(EXERCISE DATA begins)

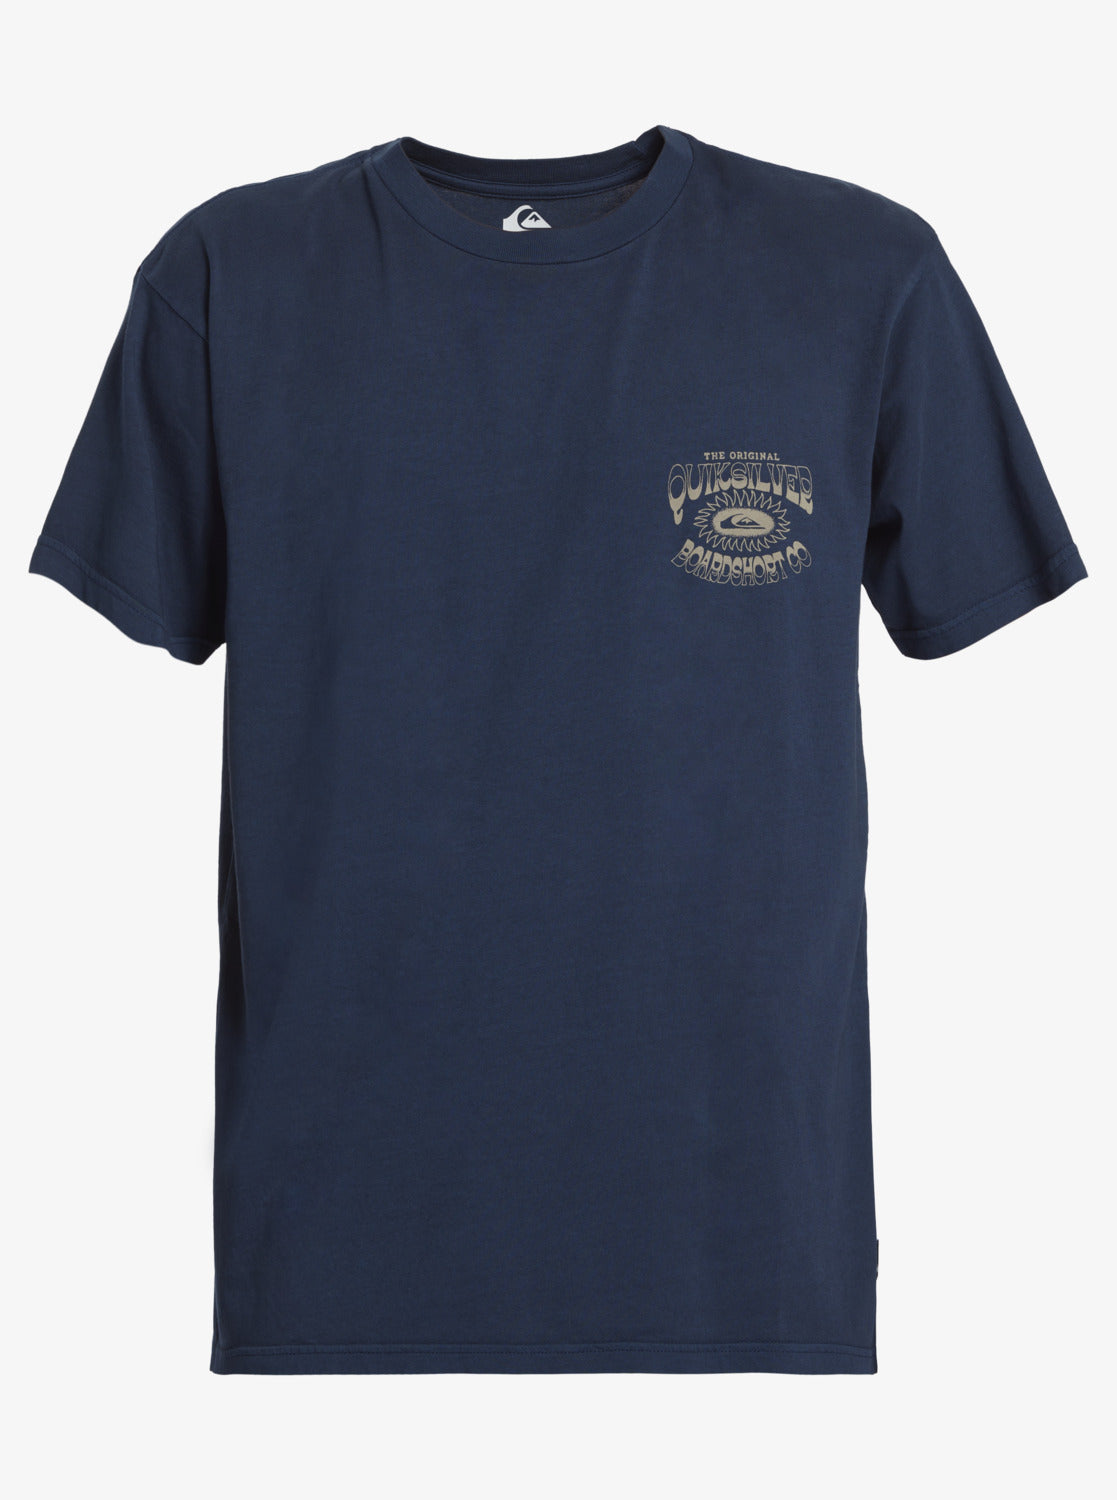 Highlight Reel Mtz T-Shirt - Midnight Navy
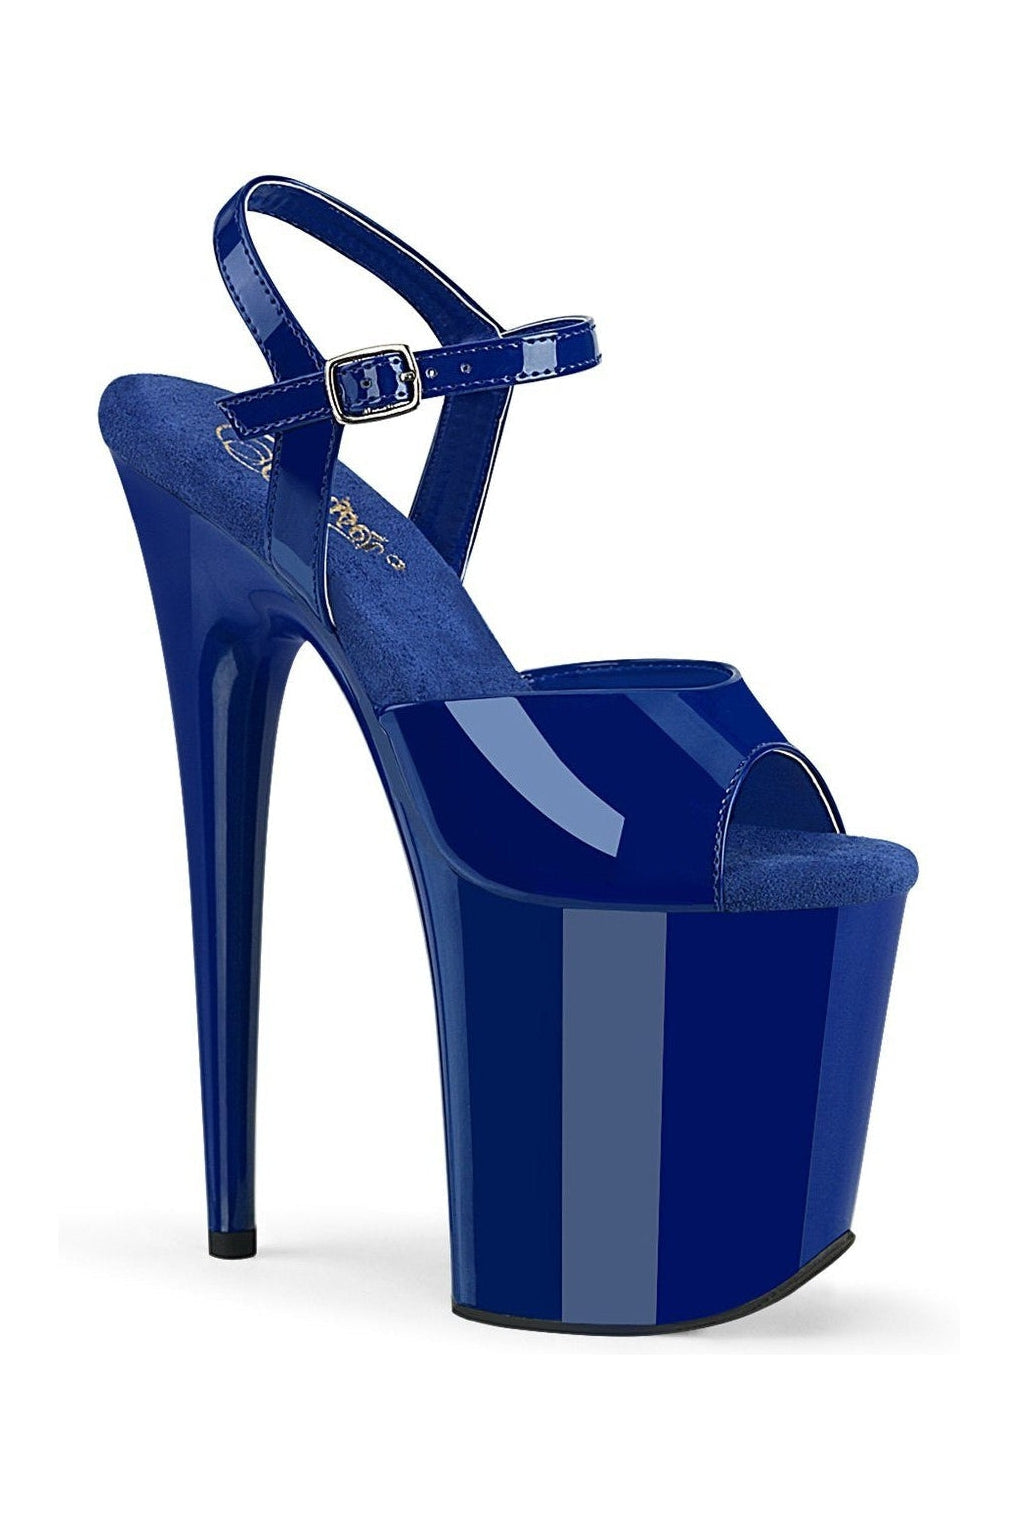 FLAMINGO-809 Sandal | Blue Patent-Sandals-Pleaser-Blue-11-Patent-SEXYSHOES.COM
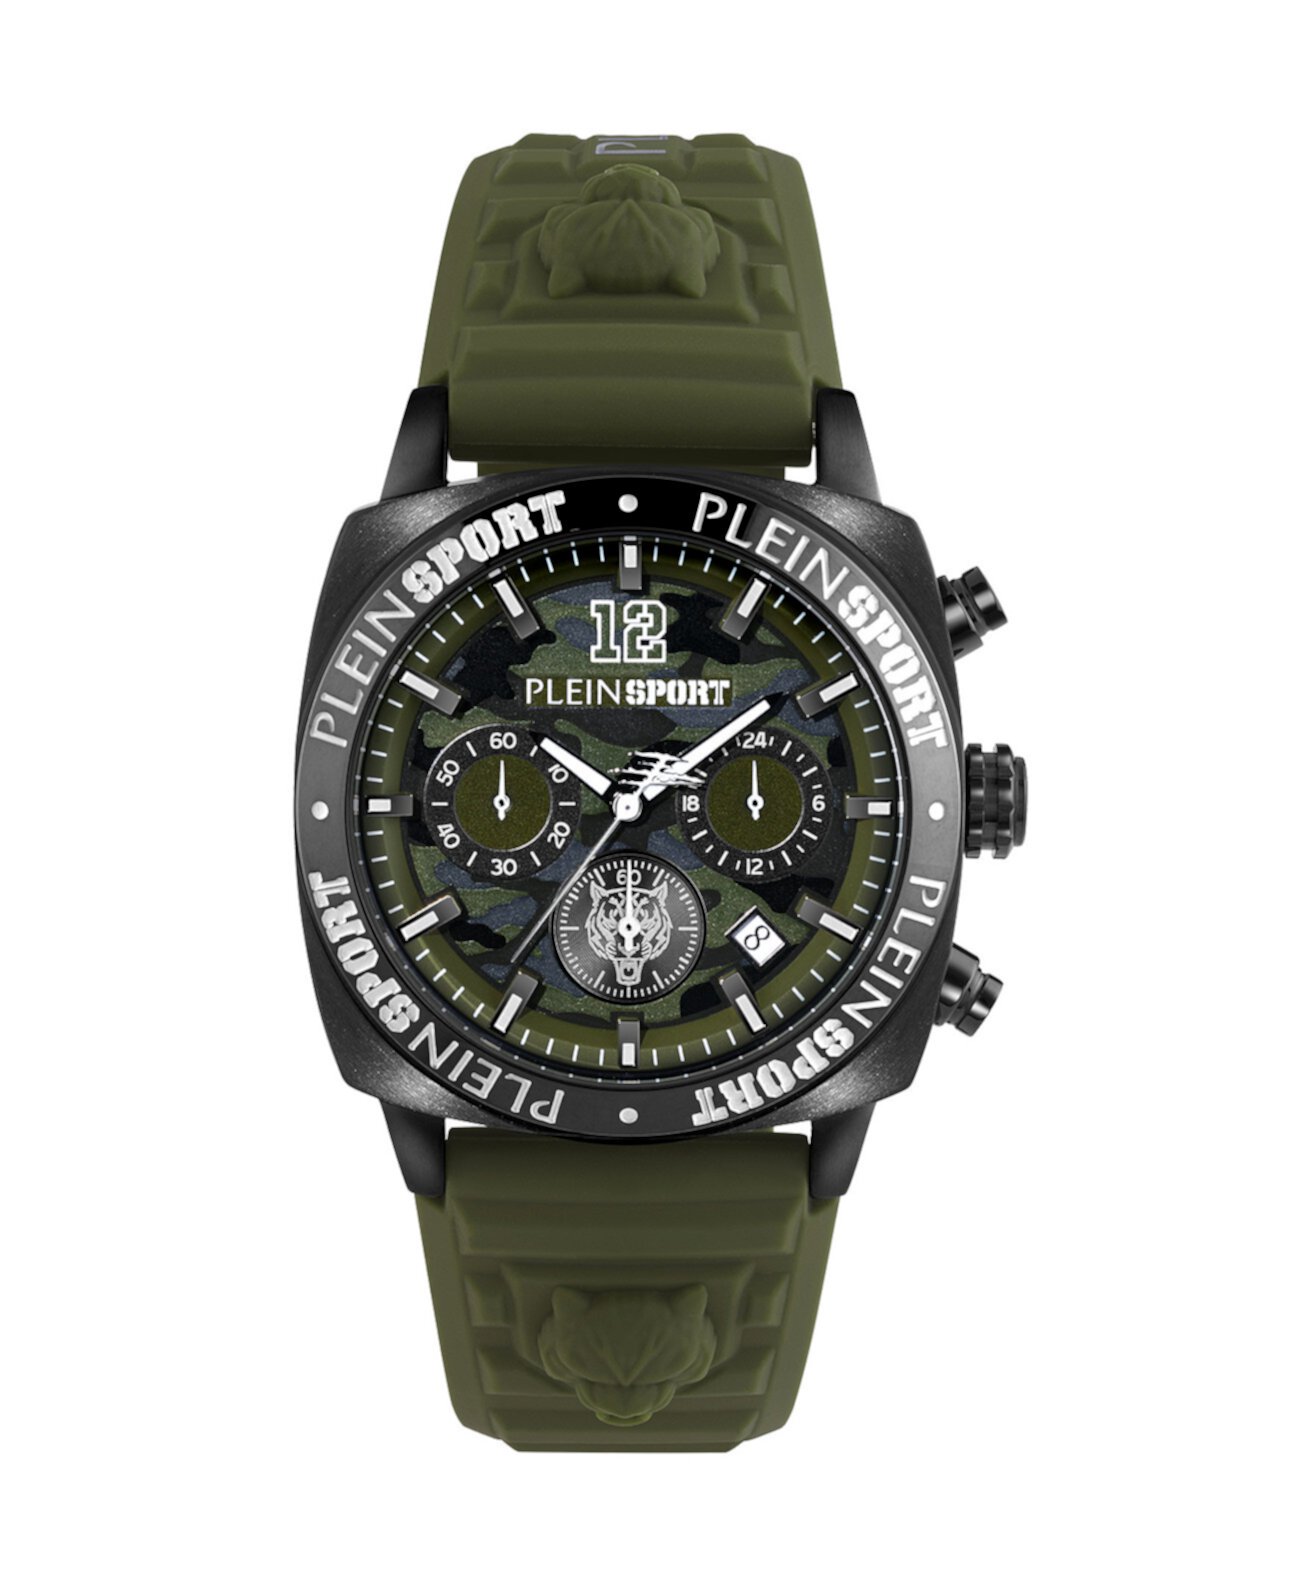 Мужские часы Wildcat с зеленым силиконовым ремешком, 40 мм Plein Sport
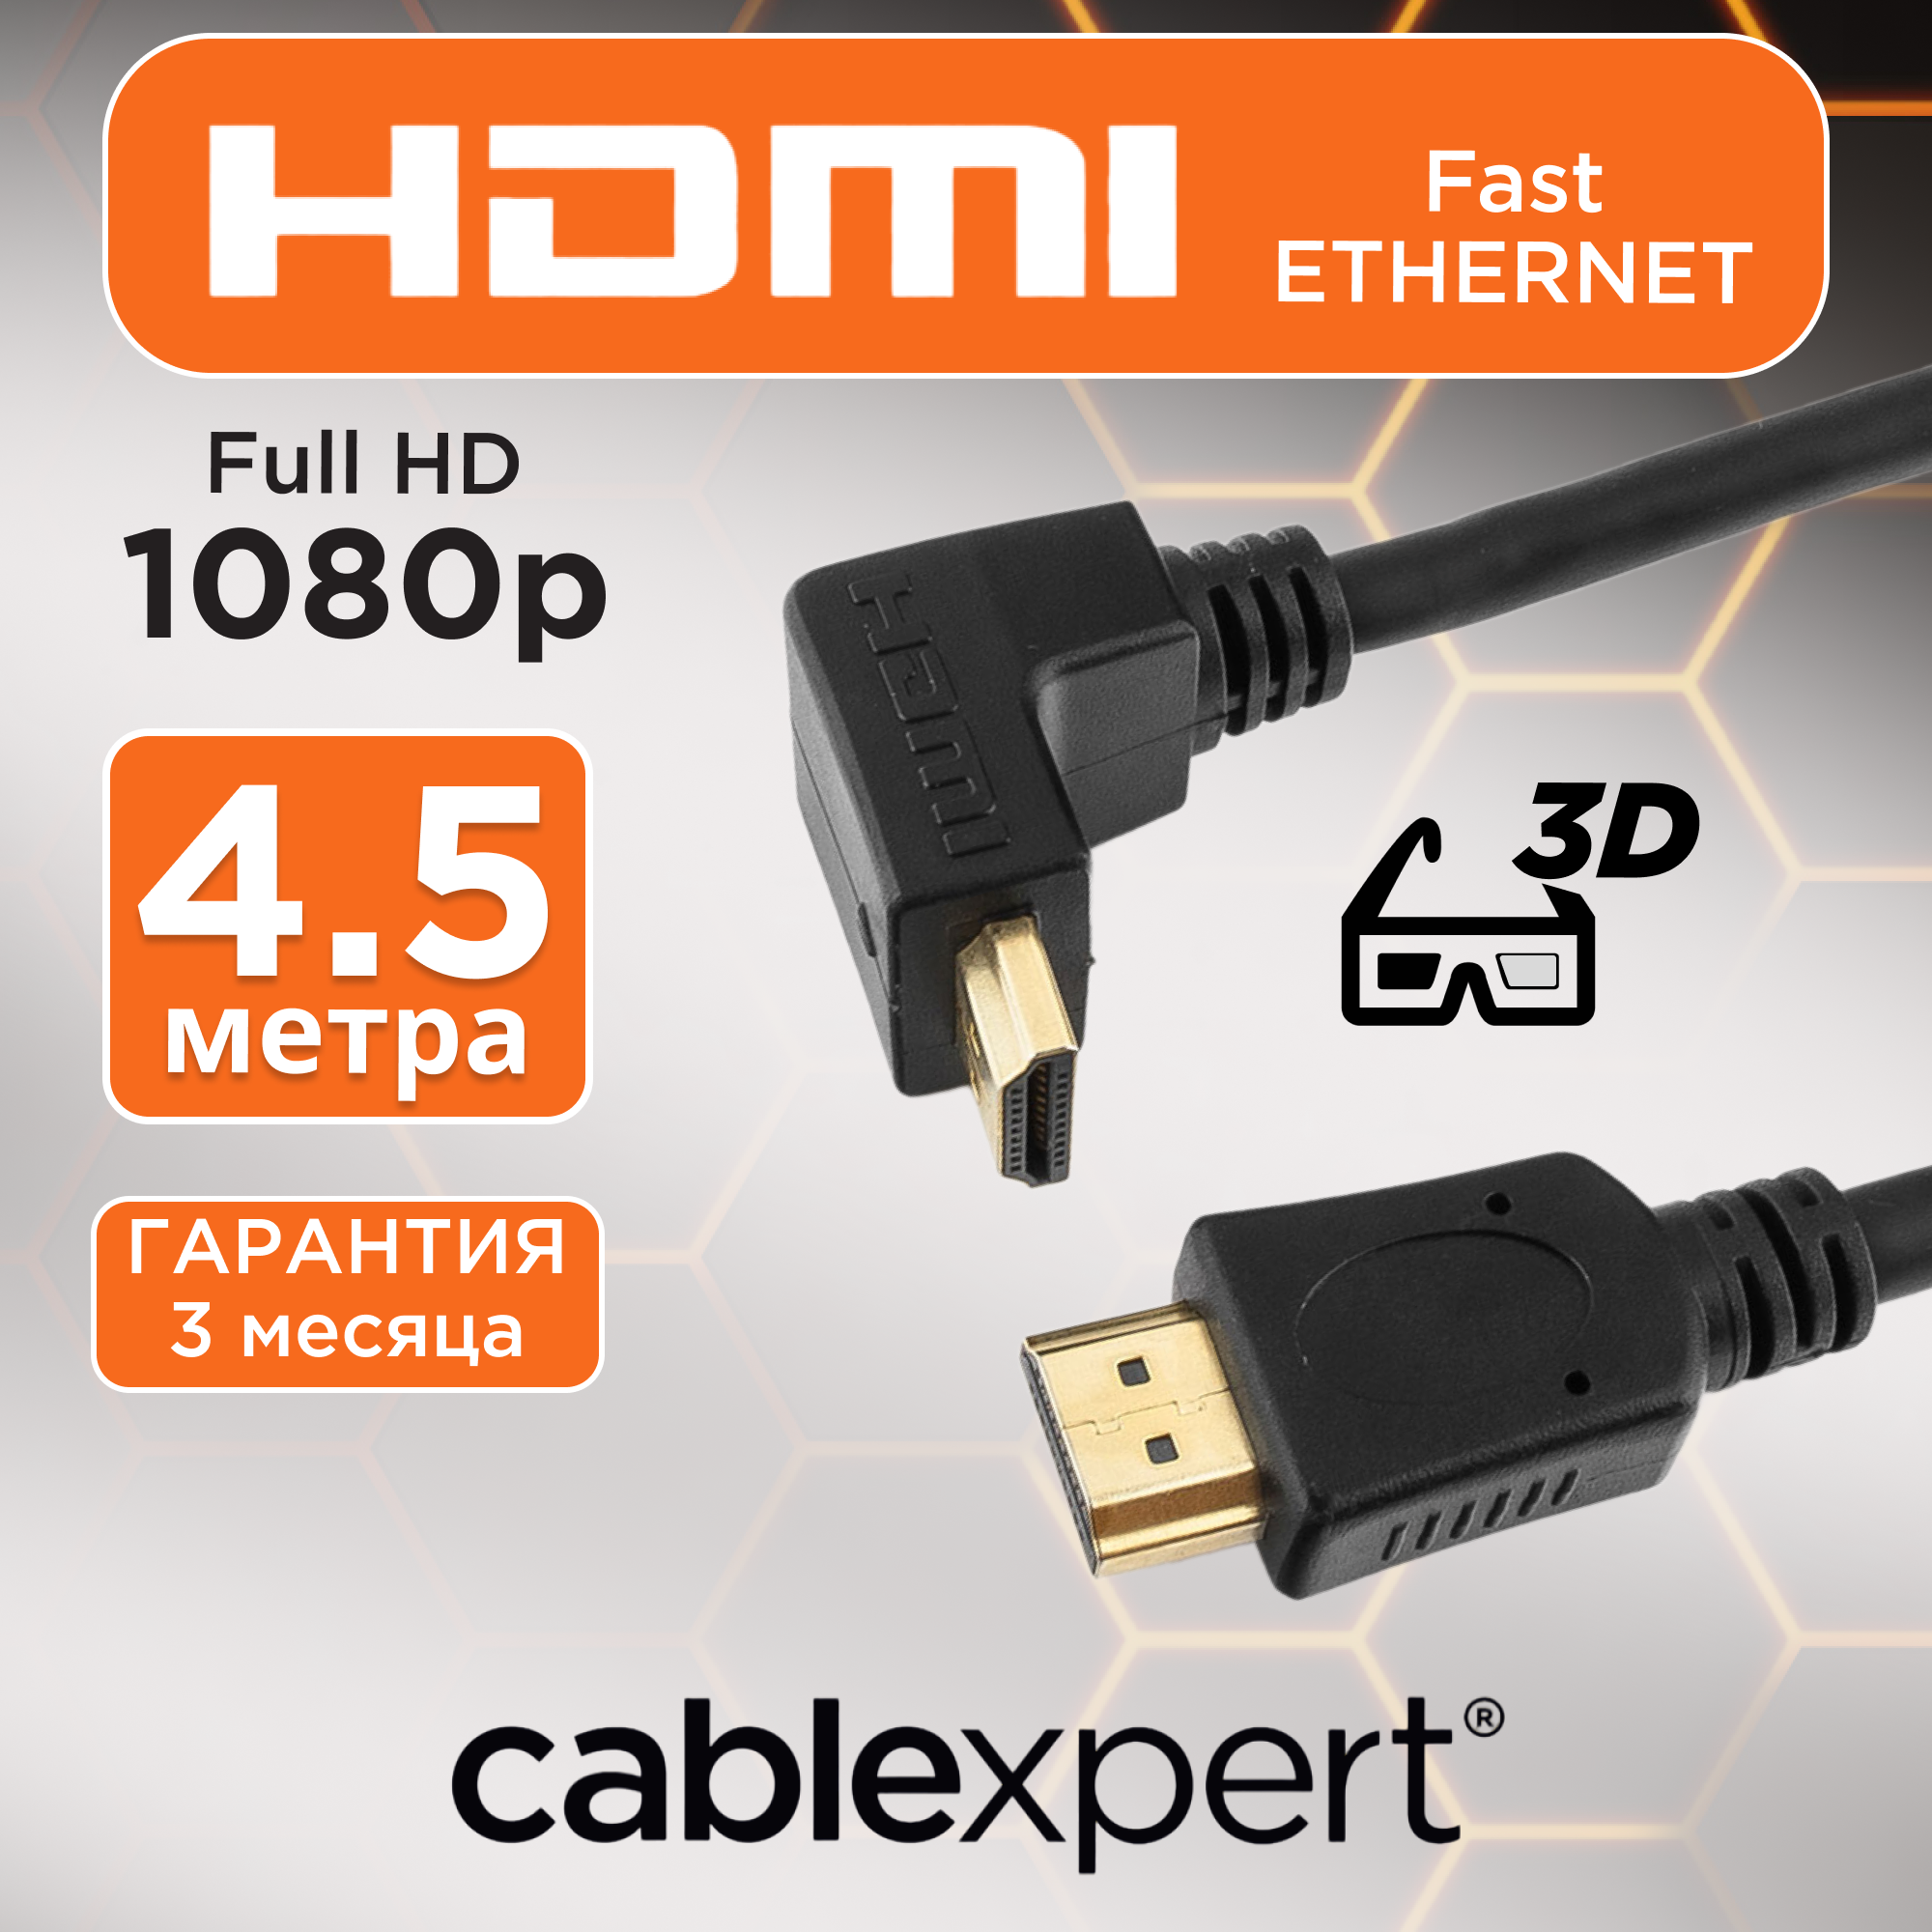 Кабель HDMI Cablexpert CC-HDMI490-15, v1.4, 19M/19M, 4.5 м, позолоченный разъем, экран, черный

(EXERCISE DATA ends)

EXERCISE AIM → Pictures are to be omitted. Print exactly the lines from the line containing "FLAMINGO-809 Sandal |" through the final line of the material above, both included.

TASK RESPONSE →
 FLAMINGO-809 Sandal | Blue Patent-Sandals-Pleaser-Blue-11-Patent-SEXYSHOES.COM
 Мужские часы Wildcat с зеленым силиконовым ремешком, 40 мм Plein Sport
 Кабель HDMI Cablexpert CC-HDMI490-15, v1.4, 19M/19M, 4.5 м, позолоченный разъем, экран, черный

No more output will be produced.